Advertisement

EGYPT: Ex-newspaper editor appointed as Information Minister

Share

This article was originally on a blog post platform and may be missing photos, graphics or links. See About archive blog posts.

The former editor in chief of the Wafd party’s newspaper was sworn in as the new Minister of Information by the head of the ruling Supreme Council of Armed Forces, Field Marshal Mohamed Hussein Tantawi on Saturday.

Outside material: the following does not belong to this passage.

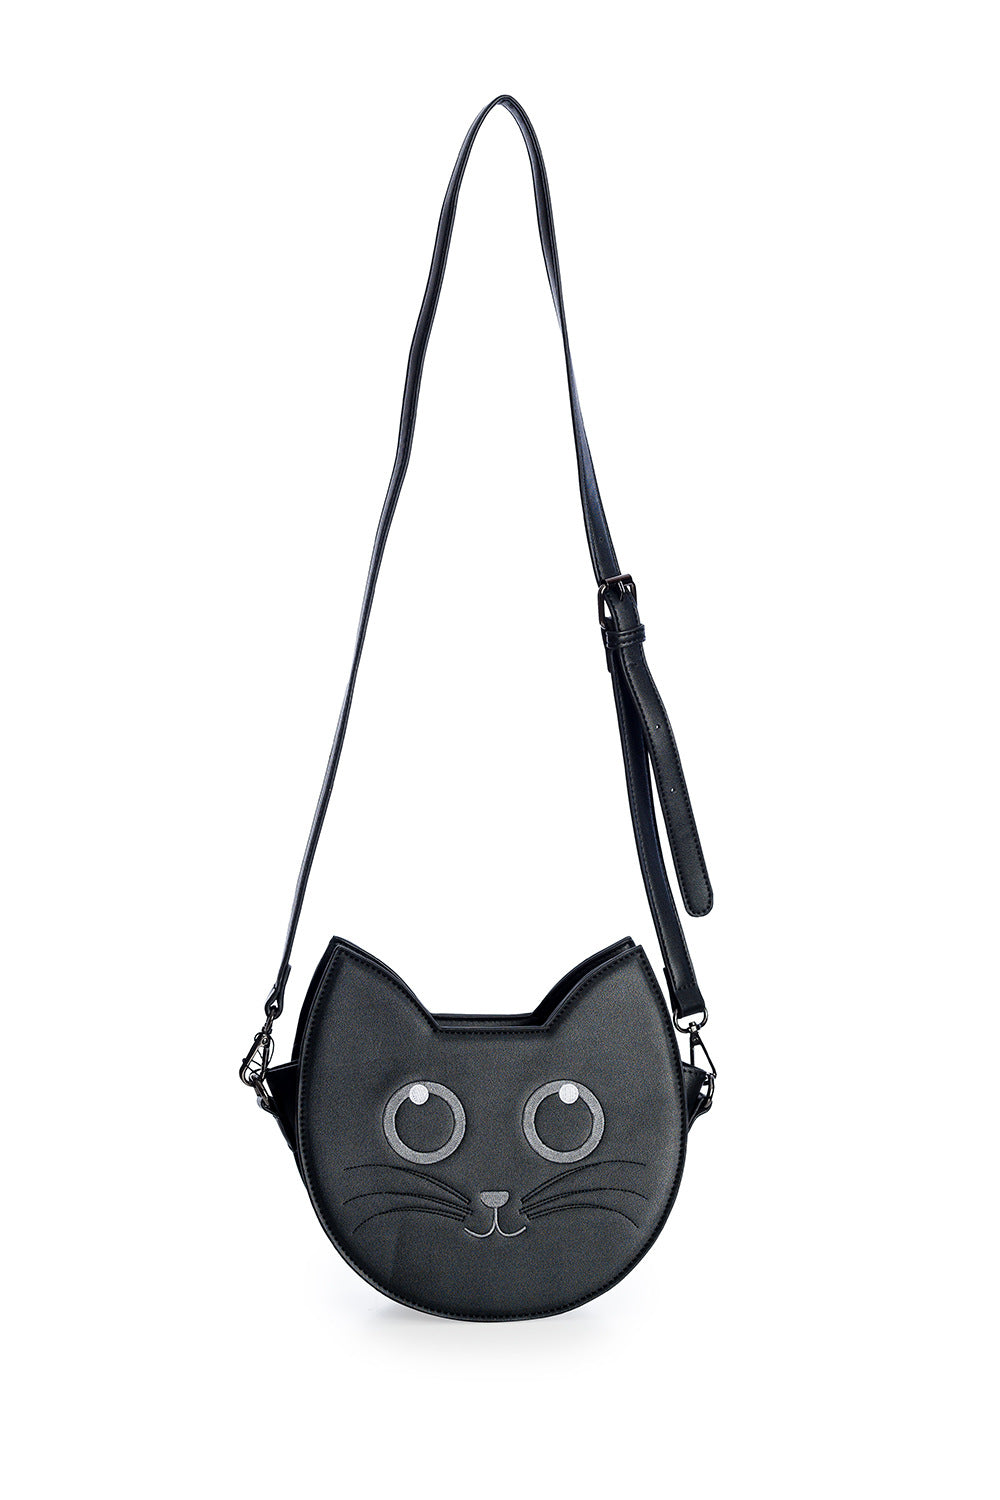 Lost Queen Women's Wendigo Shoulder Bag Cute Black Cat Bat Crossbody Purse:  Handbags: Amazon.com

The appointment of Osama Heikal surprised many politicians and activists, who believed that the ministry, which had not filled the job for five months, might keep the position vacant. Many online activists and bloggers quickly highlighted what they called Heikal’s ‘support’ to Mubarak’s regime through an article he wrote one day before the Jan. 25 revolt that ended with ousting Mubarak.

Advertisement

‘I don’t think that any devout Egyptian would want his country to witness a similar fate to Tunisia’s [referring to the Tunisian revolution]. No one wants a clash between people and the regime. What we should understand is that people want change and the quieter those changes come the better this will be for Egypt,’ Heikal wrote in an editorial dated Jan. 24.

The editorial added that angry demonstrations represent a coup against ‘our values.’

After working as the newspaper’s reporter for military and presidential affairs for 18 years, Heikal was elected as head of Wafd’s newspaper last January. After his appointment as minister, Heikal stressed that the Egyptian state media will focus on ‘reporting the full truth without any exaggerations or exclusions and that all sects of the country’s society will have an equal place to appear in state media.’

Despite its status as an opposition party, Wafd and its newspaper have in recent years been criticized for taking the side of the former Mubarak regime against other independent newspapers and writers more critical of the former president. Egyptian information ministers during Mubarak’s rule have always been regarded as watchdogs who controlled and manipulated state media according to the ruling party’s interests.

On Friday, tens of thousands of protesters marched toward Tahrir Square in Cairo calling for the fulfillment of the revolution’s goals, including the sacking of a number of state media top officials, who used to serve under Mubarak.